Со временем церковь начала отрицательно относится к бесконтрольному увеличением произведений. В 1674 г. выходит указ патриарха Иоакима, в котором рассказывается о том, что «многие торговые люди, резав на досках, печатают на бумаге листы икон святых изображения, инии же велми неискусние и неумеющие иконного мастерства делают рези странно, и печатают на листах бумажных развращенно образ Спасителя нашего Иисуса Христа и пресвятые Богородицы, и небесных сил святых угодников Божиих, которые ни малого подобия первообразных лиц являют». Этим наносится церкви и почитаемым иконам «укор» и «изображенным лицам святым бесчестие». Народ покупает эти «печатные листы» и украшает ими «храмины, избы, клети и сени» не для «почитания образов святых», а ради пригожества (украшения). Кроме того, идет торговля «печатными немецкими листами», изготовленными «еретиками Лютерами и Кальвинами по своему их проклятому мнению, неистово и неправо». Патриарх напоминает, что «издревле заповедано и утверждено писати на досках, а не на листах». В указе запрещалось впредь печатать и торговать такого рода произведениями, иначе «быти от Великих Государей в жестоком наказании», сами листы истреблять, а сверх того штрафовать на «большую пеню». В Соборном постановлении 1684 г. повторяется запрет продавать у Спасских ворот в Москве «выписки из книг Божьего писания»[83].

Возможно, вследствие этого или по причине, но тематика лубка стала расширяться. Постепенно отойдя от положения иллюстрации в книге и религиозной тематики, лубок обрел свой собственный независимый язык повествования — «лубочная ”тетрадка” репрезентирует художественные образы, основанные на соединение повествования изобразительного и словесного»[84]. Прямой путь от религиозных гравюр ведет к лубку как самостоятельному жанру и яркому явлению XVIII—начала XIX в, появляется произведения на светскую тематику и даже непристойные и неблаговидные сюжеты.
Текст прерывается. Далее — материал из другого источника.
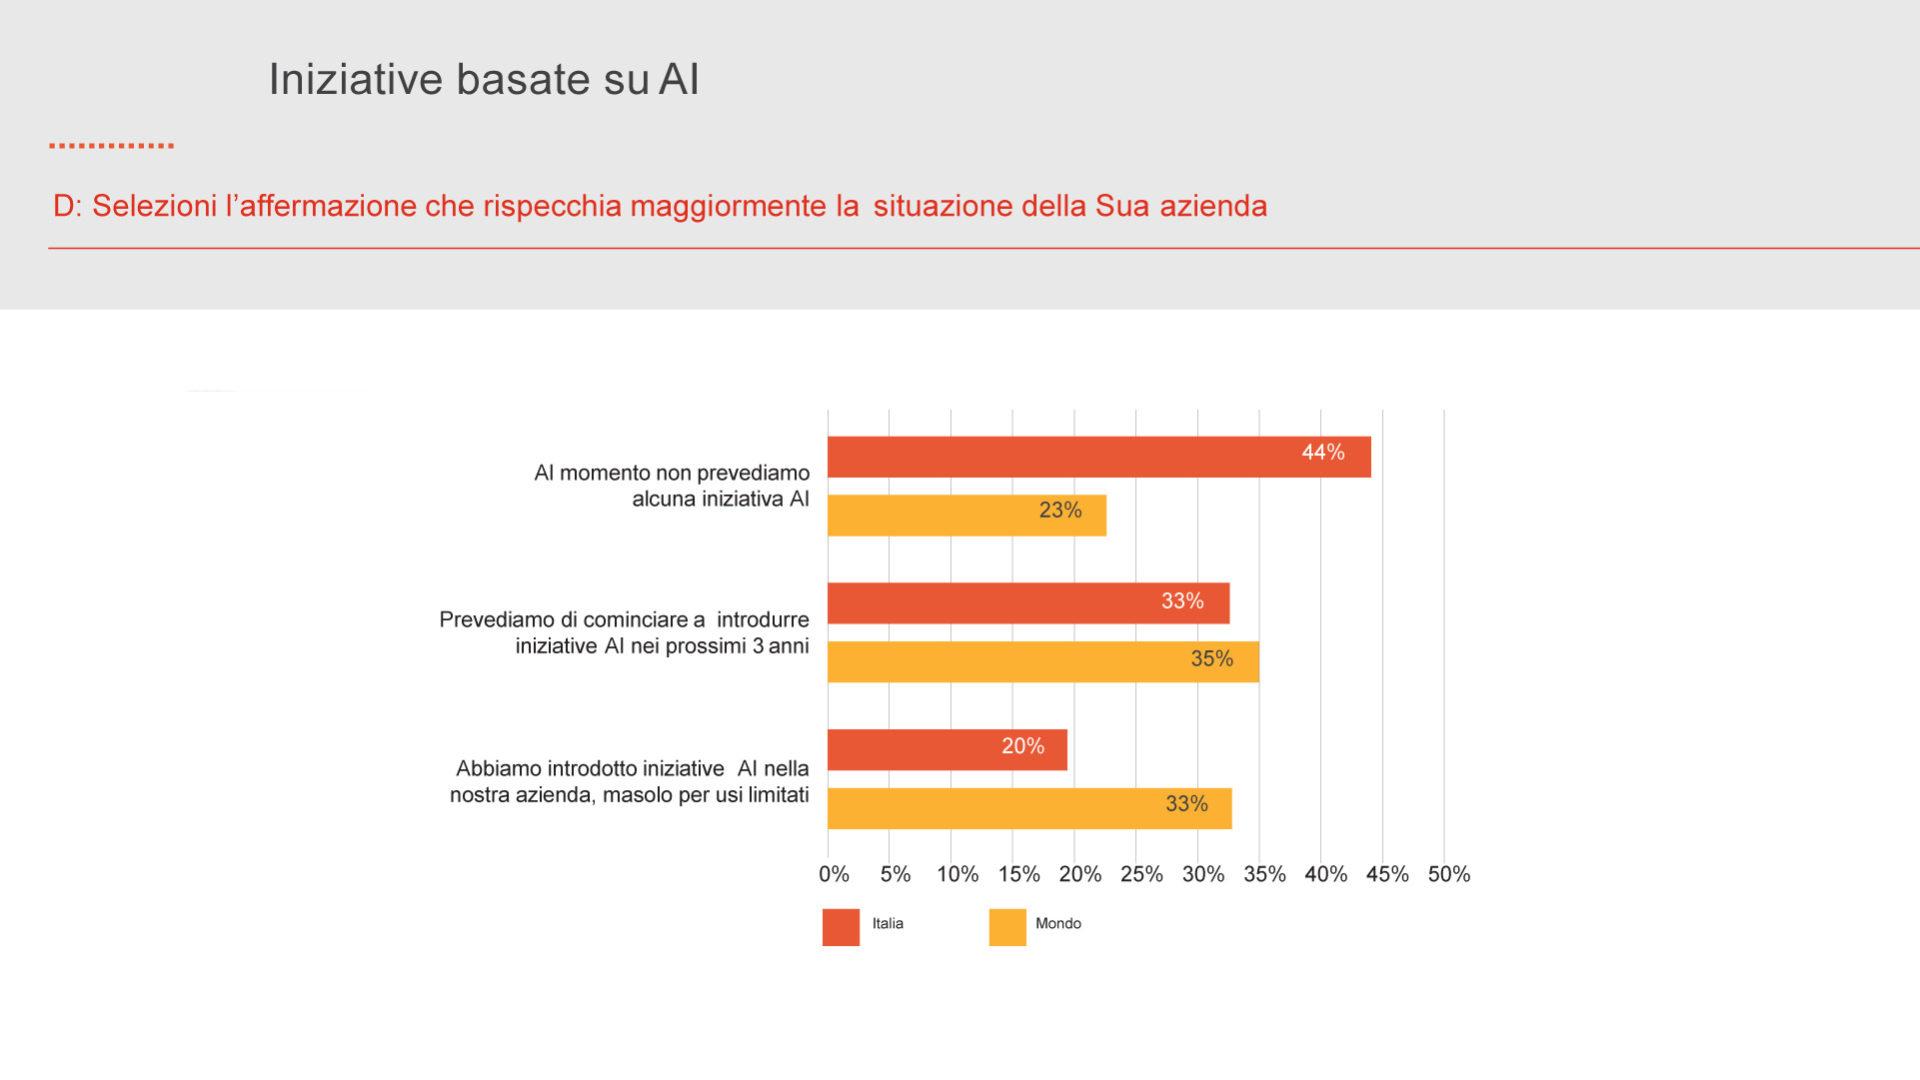 grafico che mostra lo Sviluppo di iniziative basate sull'AI

Лубок был резко оппозиционен официальному академическому искусству, ориентировался на вкусы простонародья, был сюжетно занимателен и ярок. Примером может служить чудесный лубок «Охотник медведя колет, а собаки грызут» (Приложение 10)[85].

Правительство в свою очередь стало использовать лубочные листы в политических целях (например изданные в XVIII в. листы с пропагандой оспопрививания, картинка «Просьба Кашинскому архиепископу от Калязинских монахов», представляющая чуть ли не единственную в лубочных картинках сатиру на духовенство, обусловленную подготовкой при Екатерине II секуляризации монастырских земель)[86]. Петр I активно насаждал гражданскую гравюру, и лубок стал «защитой русского народного мировоззрения». «Если Петр I вводил точные науки, то в лубке защищался, как бы мы теперь сказали, поэтический замысел, сказка. Если гравюры Шхонебека подписывались, в общем-то, языком газеты и официальных документов, то в лубках мы находим сказы, былины, песни, а также прибаутки, поговорки. Если на гравюрах Петра было все абсолютно серьезно, потому что они являлись, прежде всего, документами, то в лубке появляется много смеха, иронии. И, наконец, если петровская гравюра всегда выполнялась на меди, была чистой графикой, за что ее ценили некоторые художники XX в. и опирались на нее как на чистую графику (мирискуссники, например)…, то лубок графикой не назовешь, — это совершенно особое, не только графическое изображение, русские лубочные картинки раскрашивались яркими красками»[87]. Уход в иносказание можно объяснить и тем, что Петр I издал указ о запрещении сатирических лубков. «Прототип современных СМИ» обращался к политике, используя сатирические аллегории, высмеивая самого Петр I, чересчур вводившего на Руси западные обычаи («Как мыши кота хоронили», см. Приложение 10). Образ «Кота Казанского», изображенного на лубках, ведет историю ещё от XVI в., когда связывался с фигурой Ивана Грозного. Относительно Петра I в устной традиции толкования первой половины XIX в., зафиксированной историком русского лубка И.М. Снегирёвым, сюжет соотносился с 1725 г. — похоронами Петра Первого[88]. Исследователи второй половины XIX в. (Д.А. Ровинский, В.В. Стасов) считали лубок карикатурой раскольников на Петра Первого, «обвинительным актом его деяний государственных и исторических»[89],[90].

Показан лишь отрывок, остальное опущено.